None of this is glamorous. It's the opposite of the shiny "AI will change everything" narrative.

That's exactly why it matters.


Who does our tech really serve?

Back in Nairobi, Duncan is no longer in that fluorescent-lit room. He's home, working through trauma, talking to journalists, and warning others not to board the same flights he did.

His story is not just horror from Myanmar. It's a mirror.

The real scandal isn't simply that scammers use ChatGPT or that scam compounds in Southeast Asia are cruel.
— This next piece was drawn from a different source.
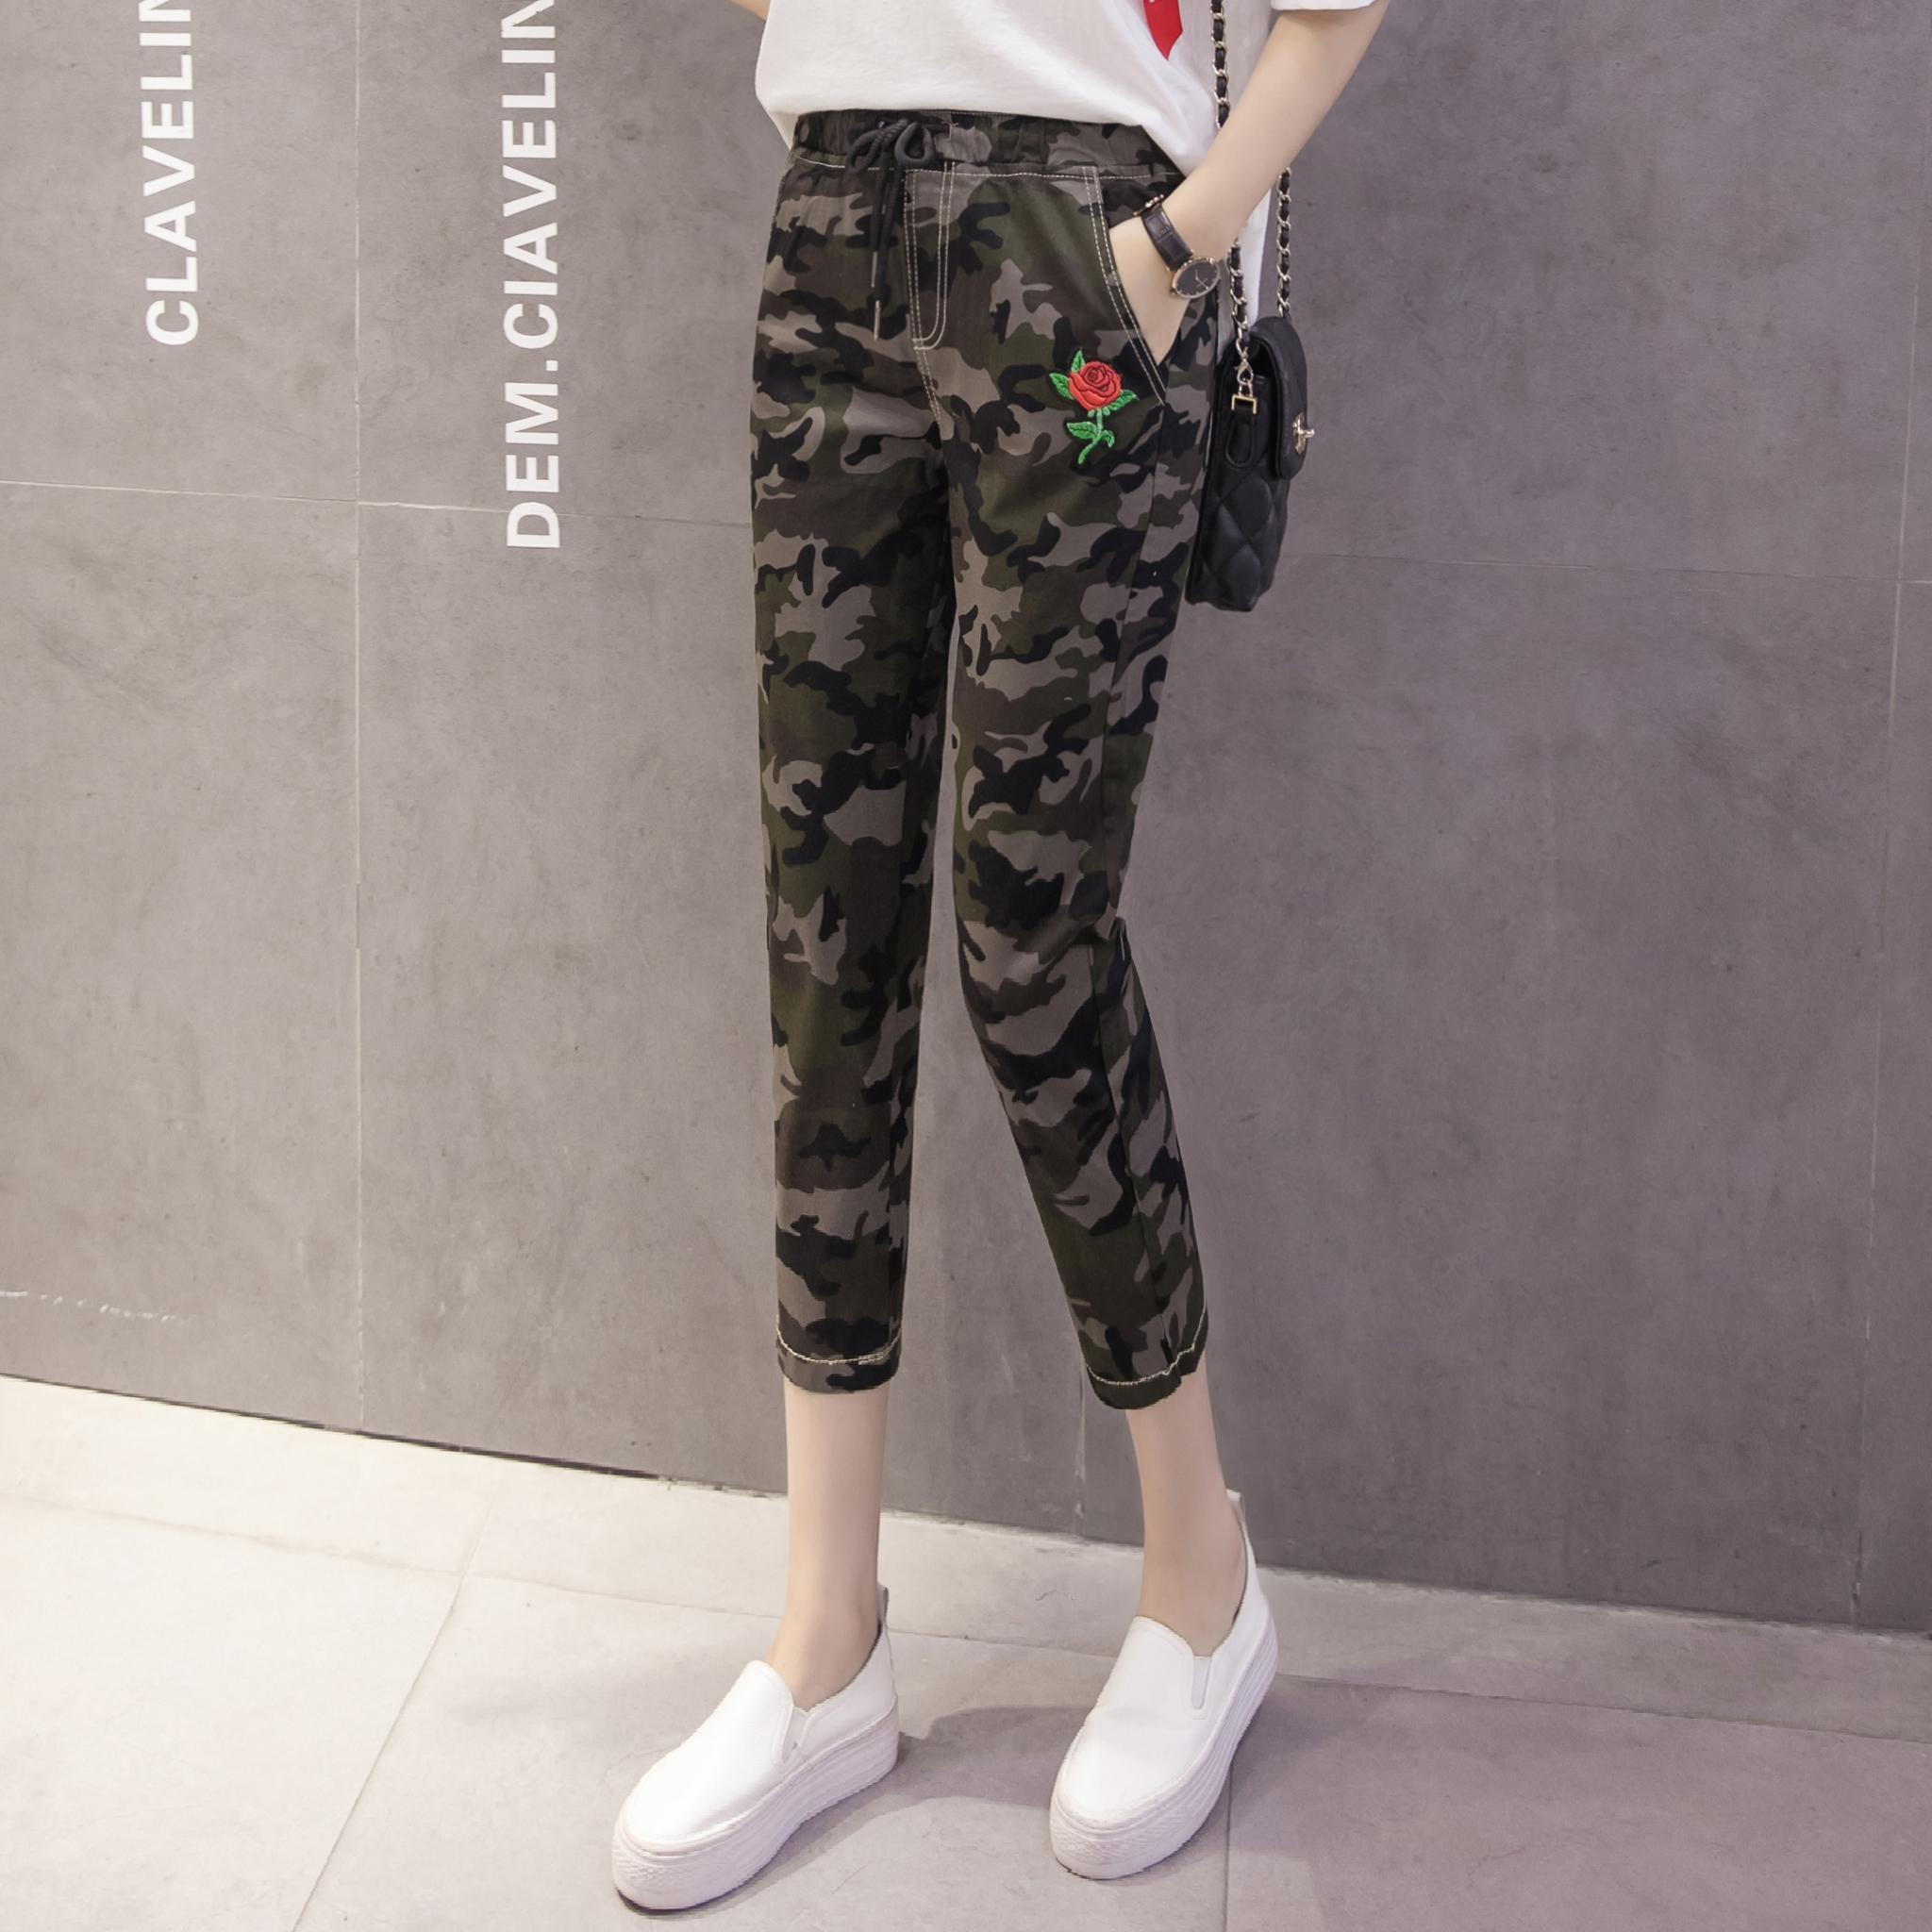 Mùa thu quần tây của phụ nữ đàn hồi eo đàn hồi camo quần quần giản dị là quần giữa mỏng mỏng phần 7 điểm ngụy trang quần ống rộng - Quần Harem

It's that a whole ecosystem—recruiters in Nairobi, militias in Karen State, anonymous shell companies in Phnom Penh, polite press releases in San Francisco—made it normal for a young Kenyan chasing a job to end up weaponizing AI against strangers while being tortured if he didn't hit quota.

AI is often sold as "intelligence," but intelligence without conscience is just efficiency for whoever already holds the power.

The real test of these systems is whether they end up serving people like Duncan—or the networks that once owned his passport, his time, and, through a browser window, even the words coming out of his keyboard.